By Kali Holloway / AlterNet

Victoria Pickering / CC BY-NC-ND 2.0

For the most part, the Trump campaign was transparent in its xenophobia, playing to the anti-immigrant sentiments of Trump’s base with promises to increase deportations of the undocumented. But on one point, Trump pretended to care about nuance: He would not, he stated on multiple occasions, target undocumented immigrants indiscriminately, but would focus on those with criminal records—the “bad hombres,” to use the president’s own ridiculous words. Predictably, this has not been the case in practice. A new report shows that amidst a staggering increase in undocumented immigrant deportations overall, arrests of law-abiding undocumented immigrants shot up the most, by a whopping 150 percent.

A report by U.S. Immigration and Customs Enforcement boasts that between January 29 and April 22, agents arrested 41,318 undocumented immigrants. That figure, which breaks down to roughly 400 arrests per day, represents an increase of 37 percent over arrests made during the same period under President Obama, who previously held the title of Deporter-in-Chief. Seventy-five percent of those taken into custody have criminal convictions, but even that notation is potentially misleading. As Vox notes, “it’s not clear how many of those were for crimes that might be considered minor, or for crimes that are the result of being an unauthorized immigrant in the U.S. (such as driving without a license in a state that doesn’t permit unauthorized immigrants to get drivers’ licenses).” In fact, as the outlet points out, just 6 percent of those arrested had been convicted of violent crimes such as “homicide, rape, kidnapping and assault.”

The number of non-criminal undocumented immigrants arrested more than doubled, going “from approximately 4,200 in 2016 to more than 10,800 in 2017.” The ICE reports highlights this statistic as a point of pride, stating that while “convicted criminals are an immigration enforcement priority, Homeland Security Secretary John F. Kelly has made it clear that ICE will no longer exempt any class of individuals from removal proceedings if they are found to be in the country illegally.”

The figures bolster reports from around the country of undocumented immigrants facing arrest whether they’ve had trouble with the law or not, and in the latter case, often for the most minor of crimes.
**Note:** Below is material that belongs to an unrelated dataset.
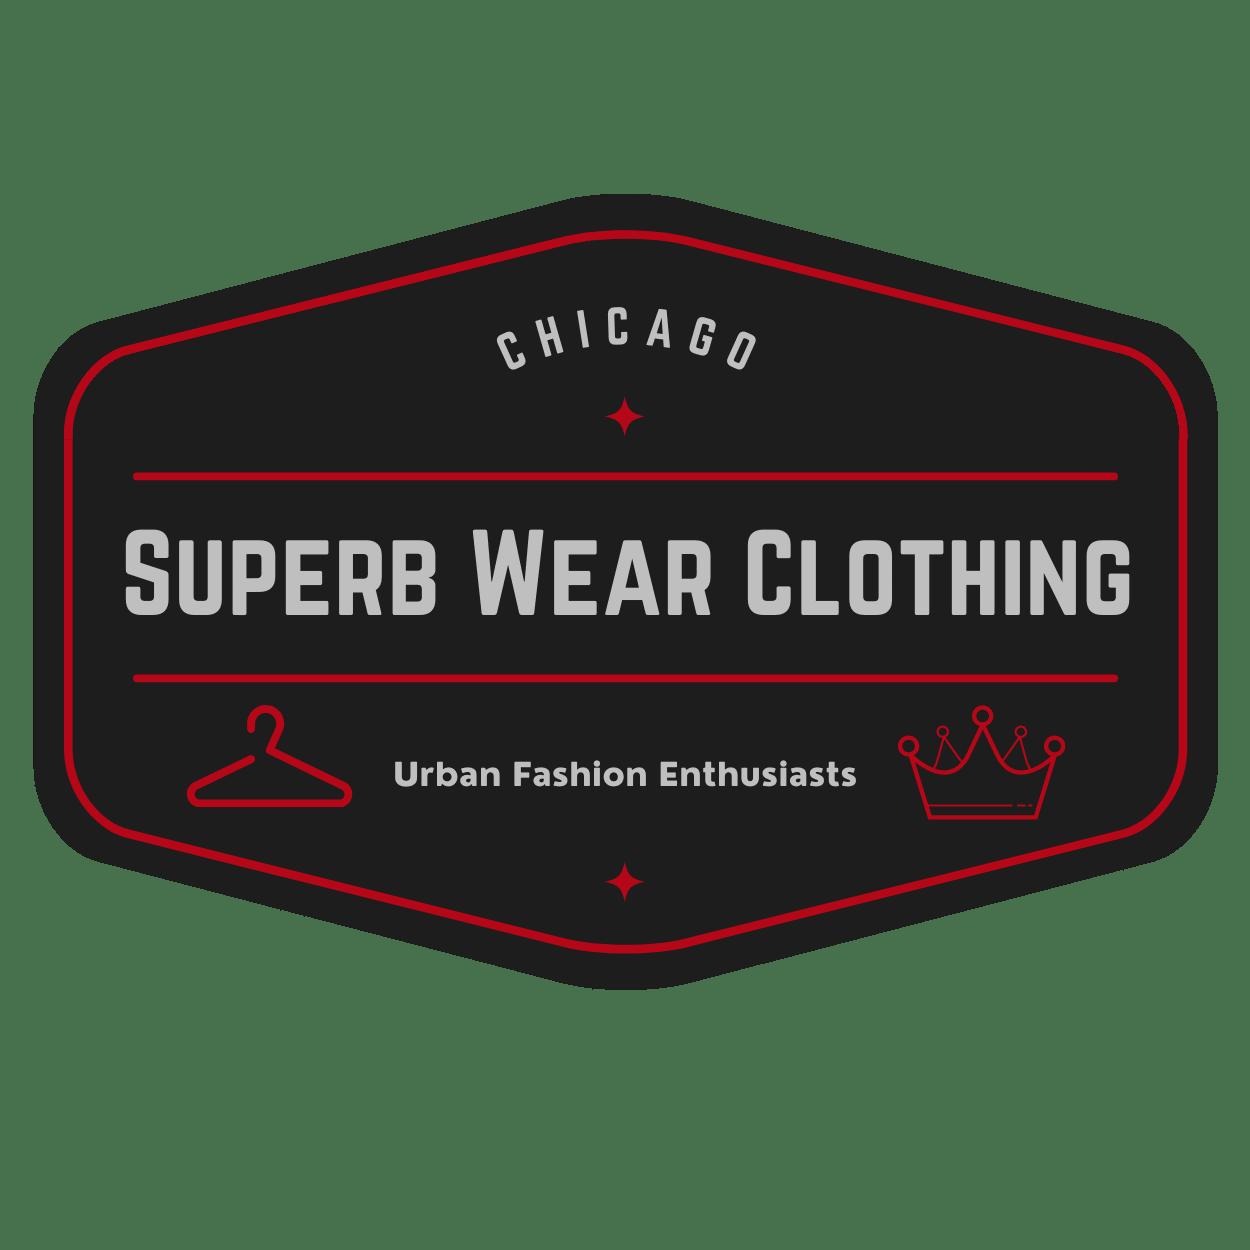 Superb Wear Clothing

Vox cites anecdotal evidence suggesting “people who already have prior orders of deportation or who have been ordered to check in with ICE at regular intervals.” The language suggests the crackdown, already sweeping, may become even more expansive over time. An already glutted immigration court system has grown even more clogged, with the result that actual deportations are down since the Obama years, as more people await their fate in detention centers.

In recent months, undocumented residents have been arrested while dropping off their children at school, and in several cases, while in the act of applying for green cards. Spaces previously treated as safe areas for undocumented residents have also become sites of immigration enforcement. In February, an undocumented woman was arrested by agents in a Texas courthouse as she was seeking an order of protection for domestic abuse. In another case, a 23-year-old immigrant who should have been protected from deportation under the Deferred Action for Childhood Arrivals Act, or DACA, was inexplicably sent to Mexico, a country he hadn’t lived in since he was 9 years old. The National Immigration Law Center has written that U.S. authorities “made him sign documents without allowing him to see an immigration judge, seek counsel, or obtain copies of the documents he signed.”

Such stories have had a chilling effect on immigrant communities, dissuading many from seeking out lifesaving services and interventions. Immigrant advocates report that fearful members of their communities are refusing to visit doctors. Eligible immigrant families have been giving up their right to receive food stamps. And ThinkProgress cites a study from the University of Illinois that finds a significant drop-off in the number of immigrants willing to engage with the police, even in times of dire need:

The survey included 2,000 Hispanics from Phoenix, Los Angeles, Chicago, and Houston wherein 44 percent of all Latinos surveyed were unlikely to contact police if they are targets of a crime. Forty-five percent of the same participants also indicated that they were unlikely to report crime. That number shoots up to about 70 percent of undocumented Latino immigrants who indicated that they would neither file a police report for being a victim nor for being a witness. Instead because “they fear that police officers will use this interaction as an opportunity to inquire into their immigration status or that of people they know,” about 70 percent of undocumented immigrants are more likely to tell their church or community leader, which suggests that “lack of trust centers on local law enforcement authorities and not on community institutions or public figures in general.”

Speaking to the Chicago Tribune, Angelica Salas, who heads the Coalition for Humane Immigrant Rights, lamented the Trump administration’s use of immigrants “to distract from the real affairs of our country.”

“It is unfortunate that he basically is using the pain,” Salas told the outlet, “and destroying our families as a way by which to give red meat to his base.”